By Dr. Josh Wren
The Heroic Dentistry series celebrates oral health care providers who, like PULPDENT founder Dr. Harold Berk, have made it their mission to save teeth and help patients live in comfort and smile with confidence.
Stacey is an 8-year old twin with congenitally missing teeth, which is not uncommon for twins. She is also my neighbor and the daughter of my wife’s best friend. Four years prior, Stacey had hypocalcified and decayed primary molars restored under general anesthesia due to high anxiety. She presented to my office with a hypocalcified upper right first permanent molar (tooth #3) (Figure 1) which also had deep decay. The molar appeared hopeless, and another dentist recommended extraction, but her parents were rightfully concerned about her losing another tooth.
Figure 1: Pre-operative radiograph (contrast inverted) from May 2014 shows deep decay near the pulp in tooth #3 (upper right 1st permanent molar). The tooth was asymptomatic.
My concerns were the restorability of the tooth, the status of the pulp, and the potential longevity if I placed a direct restoration instead of a stainless steel crown. Stacey’s mother did not want another stainless steel crown, especially on a permanent tooth.
I did not want to place a traditional inert material in this compromised tooth. Traditional composites are subject to leaking, and preventing microleakage was imperative to ensure long-term success. My materials of choice were MTA, ACTIVA Base/Liner, and ACTIVA Restorative for the final restoration due to its wear resistance, toughness, and release of minerals conducive to sealing and preventing marginal leakage.
With gentle behavior guidance and nitrous oxide, the treatment was completed with zero behavior issues. I was concerned about pulpal exposure or pulpal response to the trauma of the deep cavity preparation and materials, so I took a cautious two-step approach. During the initial excavation appointment, I left more infected dentin behind than I normally would, placed a one-minute application of silver diamine fluoride, and temporized with a glass ionomer cement (Figure 2).
Figure 2: When the patient returned 2 months later, the glass ionomer cement was no longer intact; however, the tooth was still completely asymptomatic.
At the two-month return date, I reopened the carious lesion, removed more infected dentin (Figure 3) until I reached semi-solid dentin (Figure 4), and placed NuSmile NeoMTA (Figure 5), which is impenetrable and resists leakage. I completed the final restoration with ACTIVA BioACTIVE-BASE/LINER and ACTIVA BioACTIVE-RESTORATIVE and was confident I had created the best possible seal against microleakage for a direct restoration.
Figure 3: Re-opened cavity with infected dentin which was stained black due to the silver ions from silver diamine fluoride.
Figure 4: Carious dentin was removed and the area was cleaned with a sodium hypochlorite scrub, taking care to thoroughly excavate all decay at the DEJ but to avoid pulpal exposure. The root apices were not fully closed at this time. Personally, I would view this restoration as a success if I could simply get the root apices closed prior to any endodontic intervention.

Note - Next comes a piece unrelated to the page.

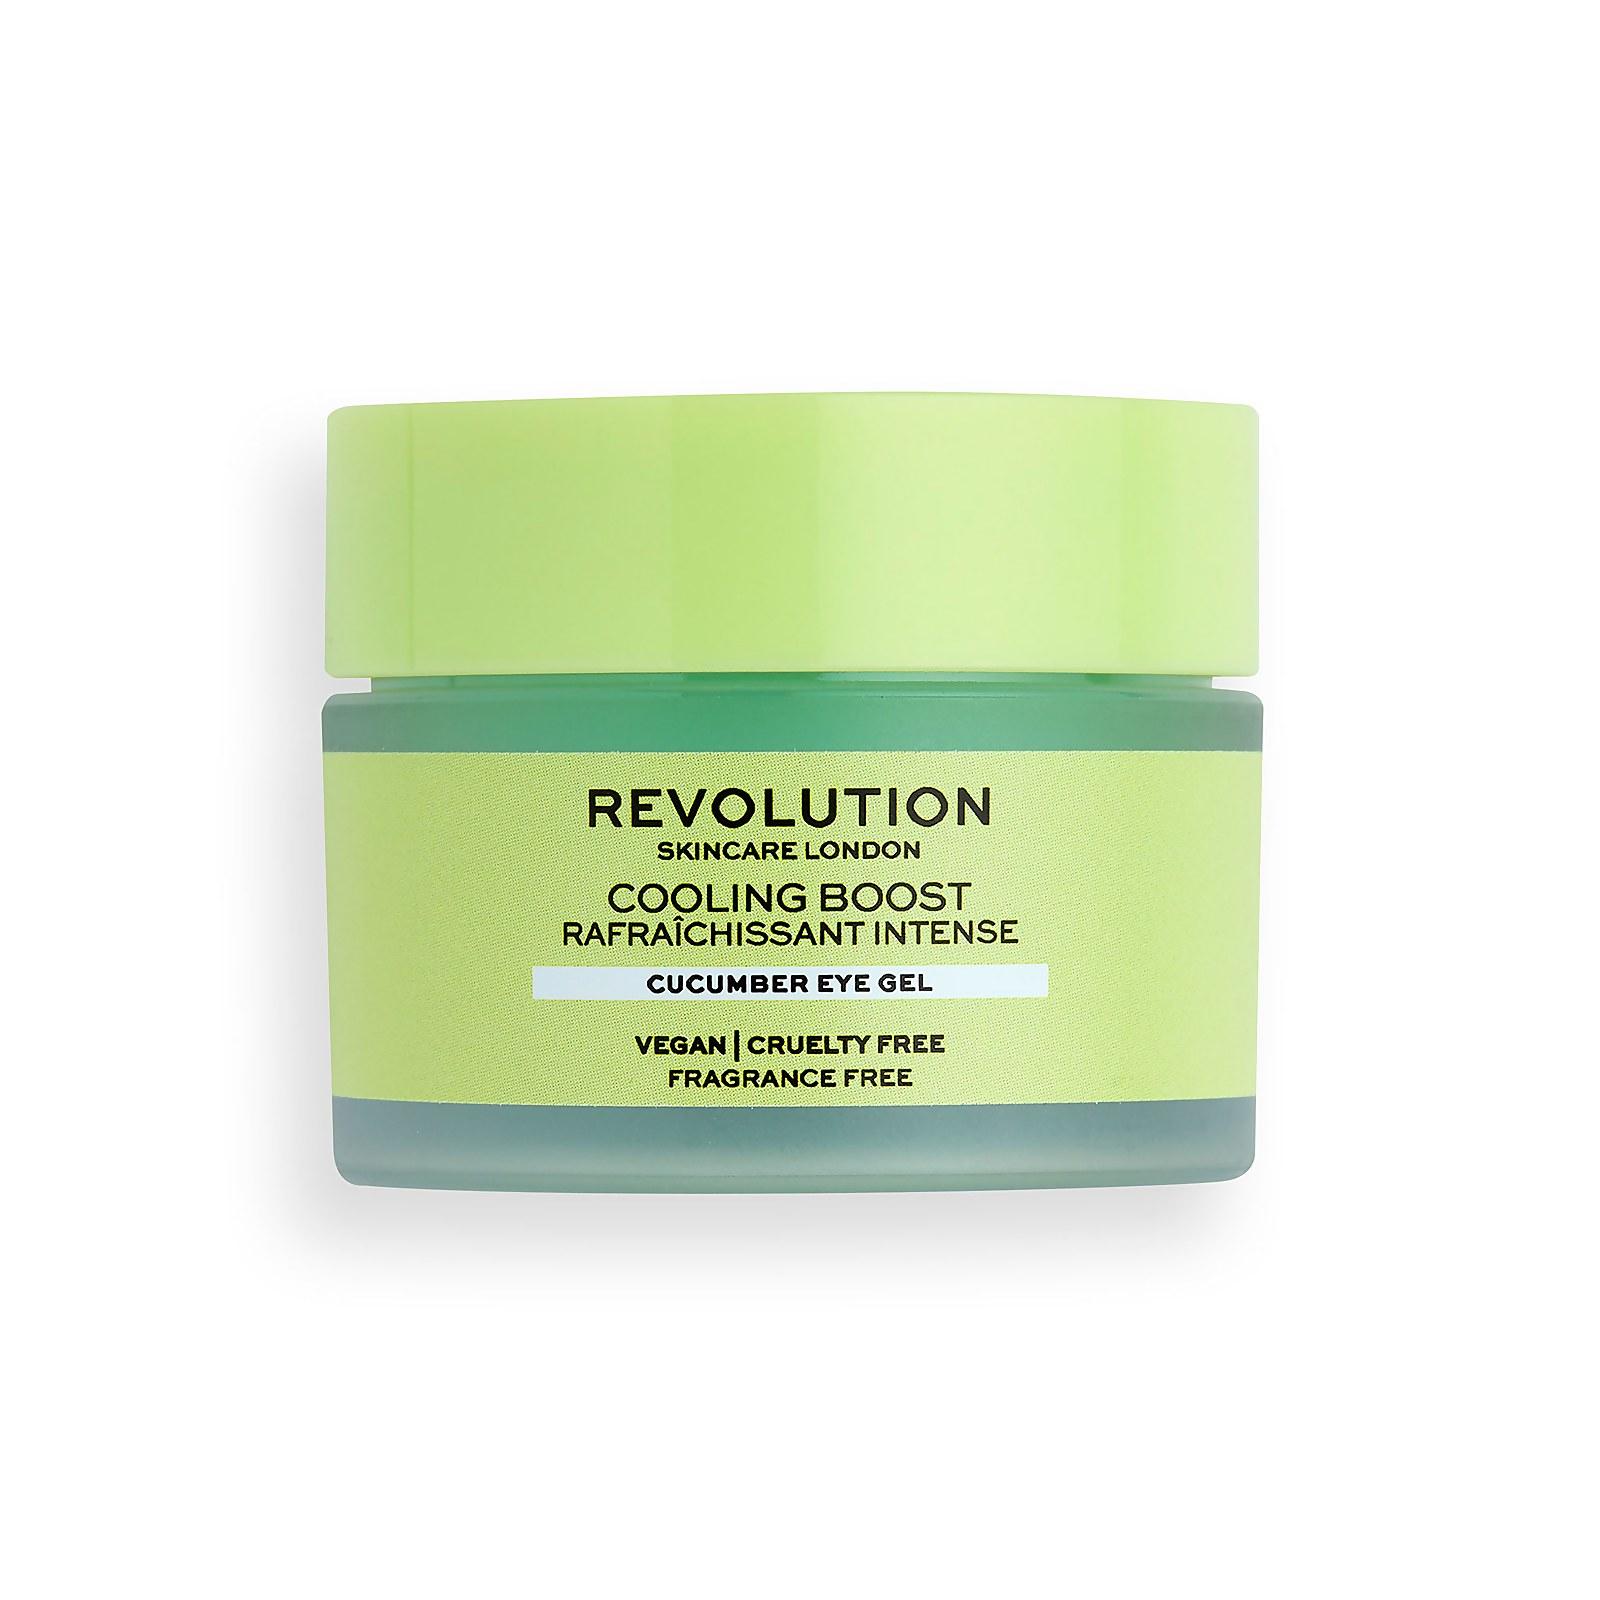 Купить Revolution Skincare Cooling Boost Cucumber Eye Gel 15ml

Figure 5: Shows placement of NeoMTA (NuSmile), followed by a 1-2mm cured layer of ACTIVA BioACTIVE-BASE/LINER to protect against MTA washout during the acid etching and bonding procedure.
Figure 6: The tooth was selectively etched and VivaPen bonding agent (Ivoclar) was applied. A 2mm initial base layer of ACTIVA BioACTIVE-RESTORATIVE was placed and light cured before bulk filling the remaining preparation with ACTIVA BioACTIVE-RESTORATIVE.
I have followed this case for more than three years. The pulp remains healthy, there is no sensitivity, and no marginal breakdown of the ACTIVA restorative materials. Not only is the tooth asymptomatic, but there is also radiographic evidence of a layer of reparative dentin between the restorative materials and the pulp chamber (Figure 7). Once again we see that the tooth can truly repair itself with the correct diagnosis, a conservative treatment plan, and the use of bioactive materials.
Figure 7: Three-year follow-up radiograph from June 2017 shows arrested lesion and the deposition of reparative dentin. The tooth was asymptomatic with complete root formation at the time this radiograph was taken. Orthodontic treatment is now underway for the mal-eruption of the upper right first bicuspid and multiple missing teeth.
About Dr. Josh Wren
Dr. Wren practices pediatric dentistry in Brandon, Mississippi. He is the founder of Pediatric Dental Seminars, which serves to educate general dentists on topics related to pediatric dentistry through lecture based seminars and hands on workshops.